Quiz, is this a picture from WWII, or from the war in Chechnya?

[Image: grozny.jpg]

[Image: grozny1.jpg]

the point I am trying to make is this. If anyone thinks that the equipment being sent to Iran is really "state of the art", then they are not viewing it in it's global context. Russian militray equipment, while being adequate, is difficult to acheive that success. Several things necessitate this. Personnel must be highly trained, expect breakdowns, and allow for loose tollerances. And lastly, allow for things in large quantity. Where the US relies on highly accurate, limited numbers, Russians depend of limited accuracy and high numbers.
I have read several books by Bing West, a former Marine who went a-huntin with the Marines on their road to BAghdad; he spoke of SEVERAL instances where Russian tanks or anti-armor guns were emplaced and barricaded, but were left empty. they could have done some serious damage to our military had the people just stayed in their positions, but they did not. Hussein's strategy was to draw out the combat till the UN would step in and demand a cease-fire, yet his people deserted.
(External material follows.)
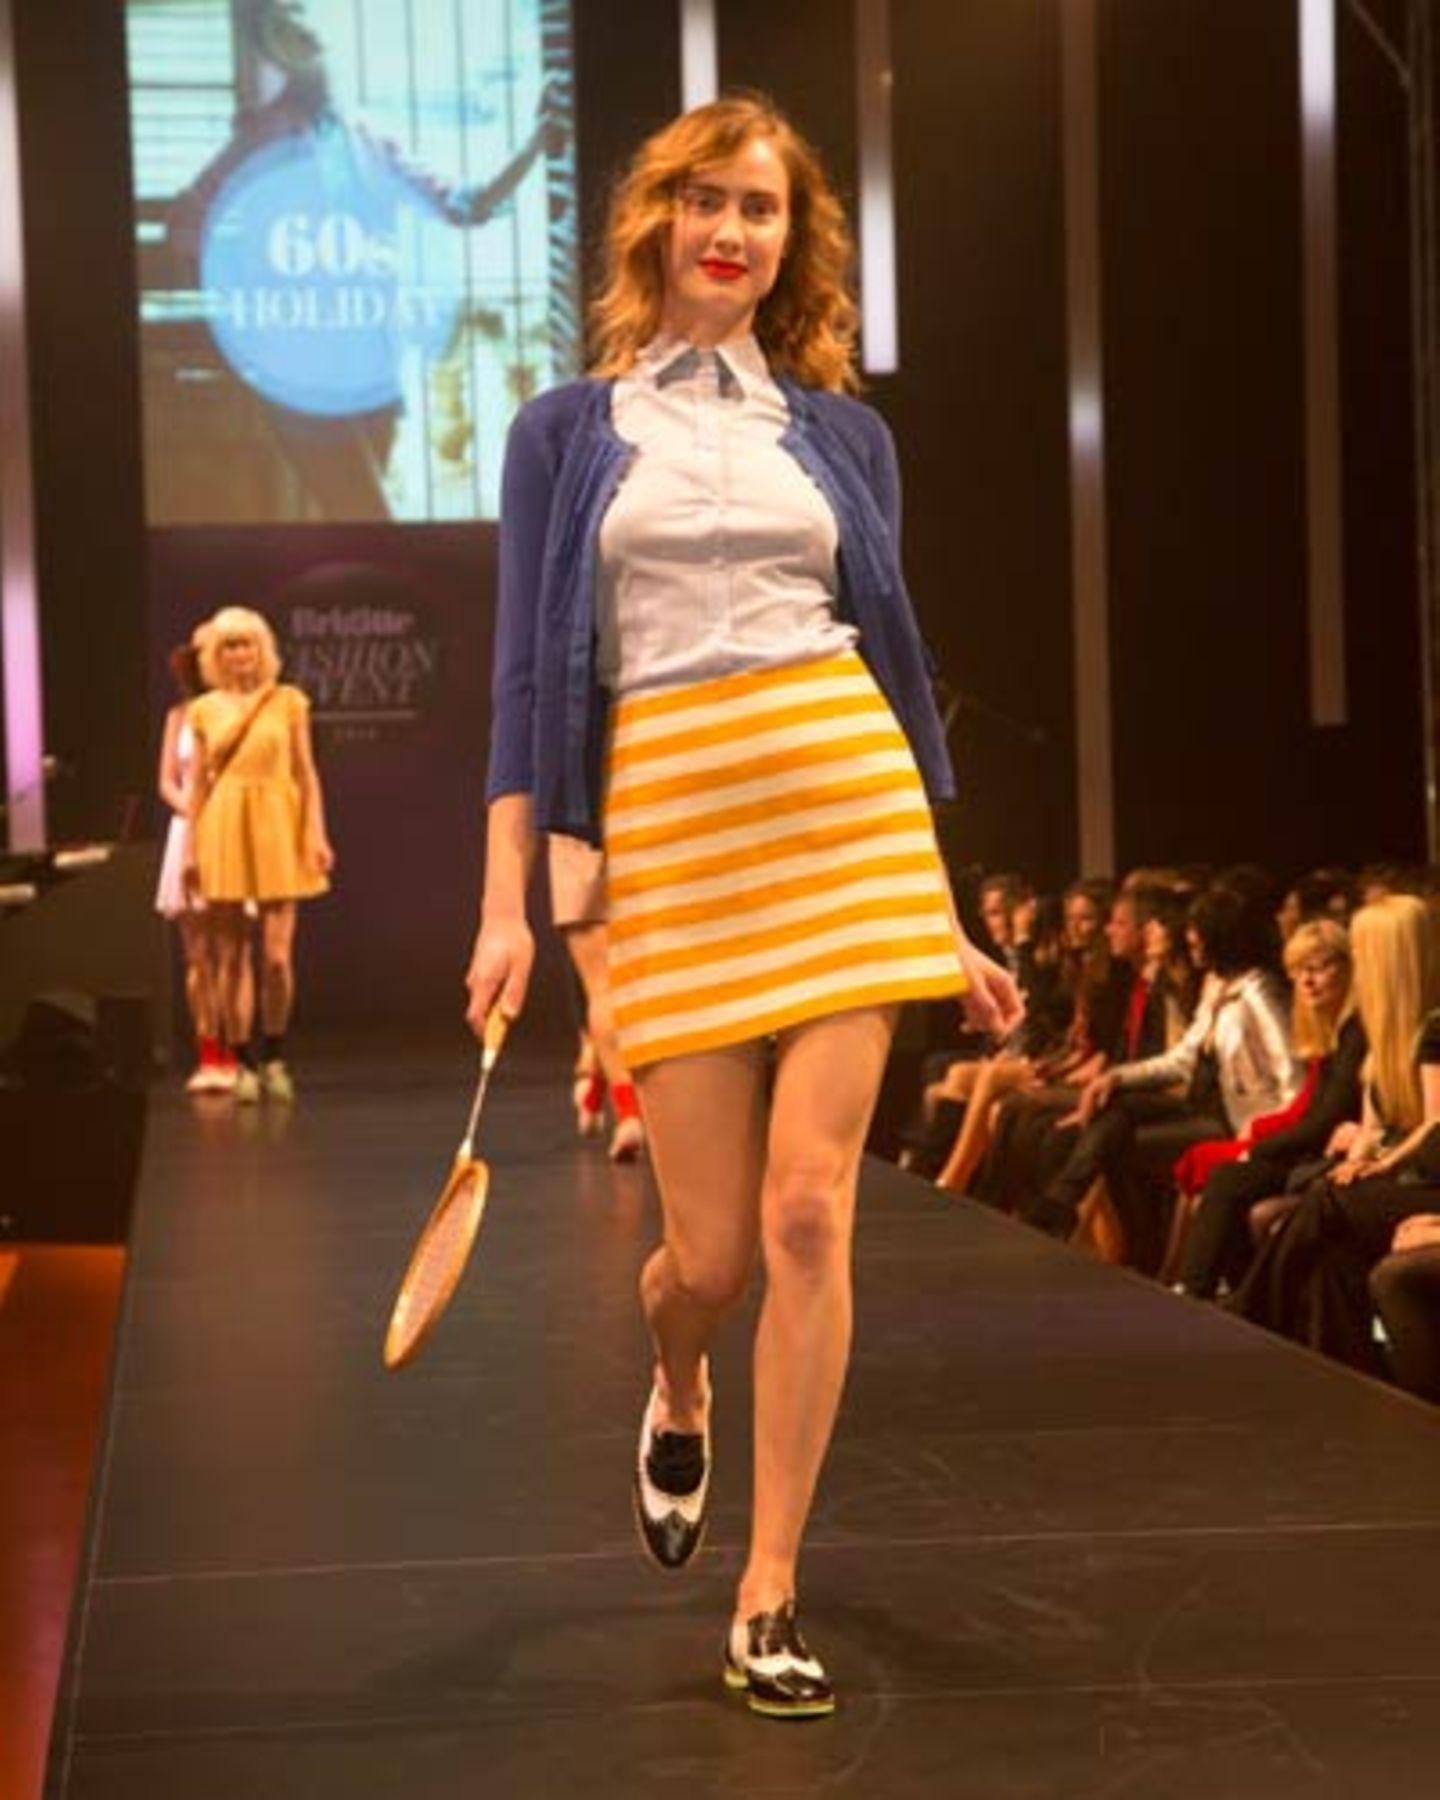 Zum gestreiften Rock von Esprit kombinieren wir eine Bluse von van Laack, ein Cardigan von Betty Barclay und Schuhe von Pretty Ballerinas. Socken: Item M6. Tennisschläger: Vintage.

you can buy the most sophisticated system in the world, but when B-2s are flying over head dropping 2,000lb bombs and the roar of 5 miles worth of Marine convoys shatters the ear drums, if there is not a dedicated crew serving that weapon, all you have is a 10 ton paperweight...
John, judging by the street lights, im going to go with Chechnya...[/img]
Now, for the direction where China is going, check Stratfor today.

Of course, their new toy is not for export, but this is where massive research $ are going to.